Config	Source	Instances	OEWN 2024 coverage
`en-senseval2-aw`	Raganato et al. 2017	2,282	99.43 %
`en-senseval3-aw`	Raganato et al. 2017	1,850	99.51 %
`en-semeval2007-aw`	Raganato et al. 2017	455	99.78 %
`en-semeval2013-aw`	Raganato et al. 2017	1,644	100.00 %
`en-semeval2015-aw`	Raganato et al. 2017	1,022	99.32 %
Total		7,253	99.59 %

Install

pip install pywsd-datasets

Use via HuggingFace `datasets`

from datasets import load_dataset
ds = load_dataset("alvations/pywsd-datasets", "en-senseval2-aw")
ds["test"][0]
# {'instance_id': 'd000.s000.t000', 'dataset': 'senseval2_aw',
#  'split': 'test', 'lang': 'en',
#  'tokens': ['The', 'art', 'of', 'change-ringing', ...],
#  'target_idx': 1, 'target_lemma': 'art', 'target_pos': 'n',
#  'source_sense_id': 'art%1:09:00::',
#  'source_sense_system': 'pwn_sensekey_3.0',
#  'sense_ids_wordnet': ['oewn-05646832-n'],
#  'wordnet_lexicon': 'oewn:2024', ...}

Use via the loader package

from pywsd_datasets.loaders.raganato import iter_instances
for inst in iter_instances("senseval2"):
    print(inst.target_lemma, inst.sense_ids_wordnet)

Rebuild locally

pip install pywsd-datasets[dev]
python -m pywsd_datasets.scripts.build_all              # parquet in data/
python -m pywsd_datasets.scripts.coverage_report        # OEWN 2024 resolution %

Schema

Every row follows WSDInstance:

instance_id, dataset, split, task, lang,
tokens[], pos_tags[], lemmas[],
target_idx, target_lemma, target_pos,
source_sense_id, source_sense_system,
sense_ids_wordnet[], wordnet_lexicon,
doc_id, sent_id

sense_ids_wordnet is list-valued to handle multi-gold instances and any PWN-3.0 key that splits into multiple OEWN 2024 synsets.

Roadmap

v0.2 — UFSAC corpora (SemCor, WNGT, MASC, OMSTI, Senseval lexical-sample).
v0.3 — WiC (CC-BY-NC), CoarseWSD-20.
v0.4 — XL-WSD multilingual via BabelNet → WordNet → OMW. Initial languages: it, de, fr, es, ja (then the full XL-WSD 18 over time).
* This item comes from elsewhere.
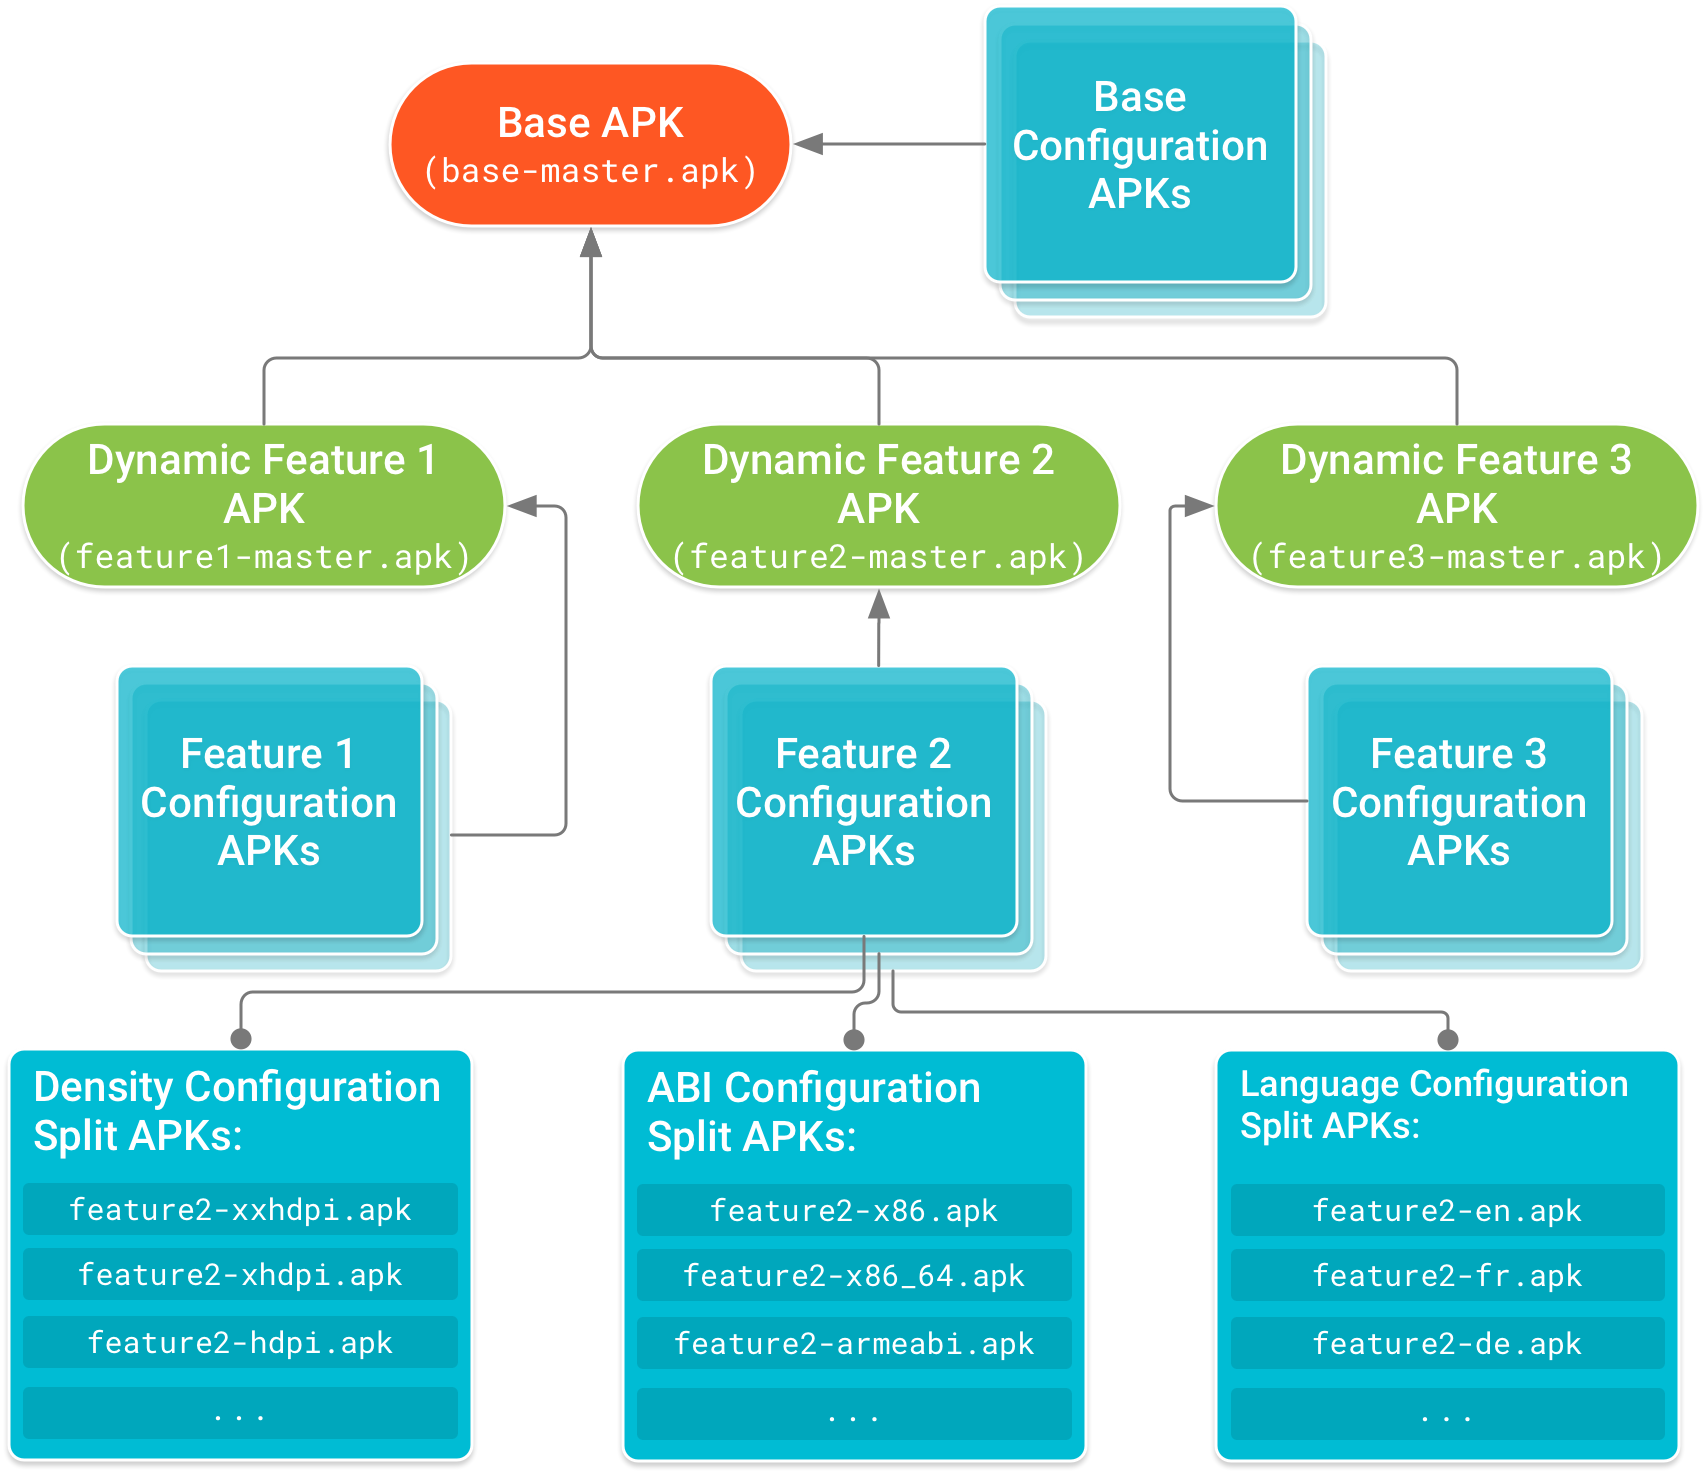 Das Basis-APK befindet sich an der Spitze des Baums. Die Funktionsmodul-APKs sind davon abhängig. Konfigurations-APKs, die gerätekonfigurationsspezifischen Code und Ressourcen für die Basis und jedes Featuremodul-APK enthalten, bilden die Blattknoten der Abhängigkeitsstruktur.

Loader stubs already live under src/pywsd_datasets/loaders/ for ufsac and xl_wsd.

Citation

If you use these datasets please cite the original sources:

Raganato, Camacho-Collados, Navigli (2017). Word Sense Disambiguation: A Unified Evaluation Framework and Empirical Comparison. EACL.
Plus the paper for whichever specific evaluation set you use (Senseval-2 / 3, SemEval-2007 T17, SemEval-2013 T12, SemEval-2015 T13).

License

MIT for the code. Each dataset keeps its original license — see the source papers. Raganato bundle and SemEval shared-task data are research-unrestricted.

Sense-ID mapping details

PWN 3.0 sense keys are resolved against OEWN 2024 via wn.compat.sensekey. The few percent of keys that fail to resolve are typically WN 3.0 synsets that OEWN split, merged, or removed — those rows ship with an empty sense_ids_wordnet list so the coverage report can flag them. Background:

Kaf (2023). Mapping Wordnets on the Fly with Permanent Sense Keys. arXiv:2303.01847.

Known issues

lcl.uniroma1.it serves a mismatched TLS cert; the loader fetches the Raganato bundle over HTTP. When this repo matures we'll mirror the zip to the HF Hub release assets.
UFSAC v2.1 distribution is a Google Drive zip last updated 2018; same mirror plan applies once licensing is confirmed.

Project details

These details have not been verified by PyPI

Project links

Release history Release notifications | RSS feed

0.2.0

Apr 17, 2026

This version

0.1.0

Apr 17, 2026

Download files

Download the file for your platform. If you're not sure which to choose, learn more about installing packages.

Source Distribution

pywsd_datasets-0.1.0.tar.gz (17.1 kB view details)

Uploaded Apr 17, 2026 Source

Built Distribution

If you're not sure about the file name format, learn more about wheel file names.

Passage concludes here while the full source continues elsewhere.